IA desenvolve exploit para macOS em 4 horas e abre caminho para mineração de Monero

A patched macOS Screen Sharing flaw is being exploited as AI speeds working attack development (Image: Shutterstock)
A patched macOS Screen Sharing flaw is being exploited as AI speeds working attack development (Image: Shutterstock)

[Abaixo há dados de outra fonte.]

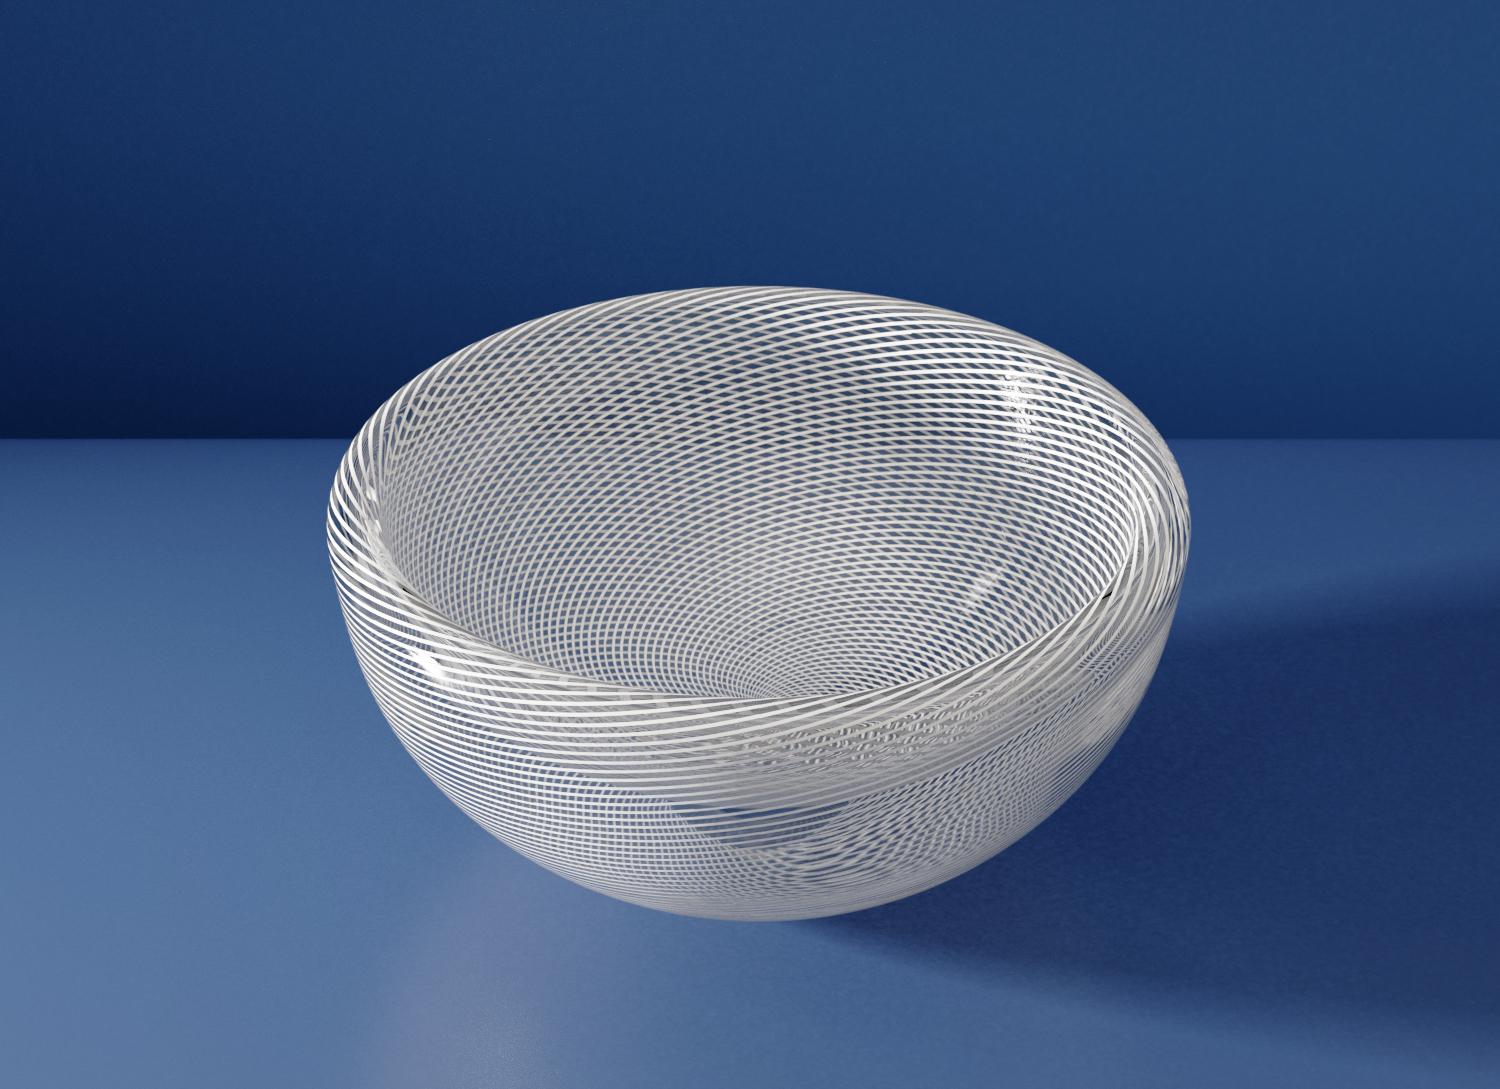 Blown Glass KEEP Zephyr, Handblown Glass Bowl, Mid-Century Inspired Patterned Glass For Sale

Atacantes estão a explorar uma vulnerabilidade no Screen Sharing do macOS já corrigida pela Apple para obter privilégios de root e instalar miners de Monero (XMR), enquanto um agente de IA conseguiu criar exploits funcionais em apenas quatro horas.

Principais pontos:

  • Atacantes estão a abusar da CVE-2026-65400 em Macs expostos para obter acesso root e instalar miners de Monero.
  • A Calif afirma que um agente de IA produziu exploits funcionais para duas falhas de root pré-autenticação em quatro horas.
  • A Apple já corrigiu a falha, enquanto agências da Holanda e dos EUA divergem fortemente sobre a sua gravidade em termos de CVSS.

Exploit de Monero no macOS

A Dutch National Cyber Security Center informou em 12 de agosto que recebeu relatos de exploração ativa da CVE-2026-65400 em Macs com a porta 5900 exposta à internet. Todos os casos confirmados seguiram o mesmo padrão.

Segundo a entidade, “o root foi acedido” e “um miner de Monero foi instalado”, enquanto a Apple descreve o bug como um problema de autenticação, corrigido através de uma melhor gestão de estado no macOS Tahoe 26.6.1, Sequoia 15.7.9 e Sonoma 14.8.9.

O investigador de segurança osxreverser identificou cerca de 40.000 hosts de Screen Sharing acessíveis a partir da internet, quase metade nos Estados Unidos, muitos em ligações residenciais. O número de Macs comprometidos permanece desconhecido. Até aplicar a atualização, os utilizadores devem desativar o Screen Sharing ou bloquear a porta 5900.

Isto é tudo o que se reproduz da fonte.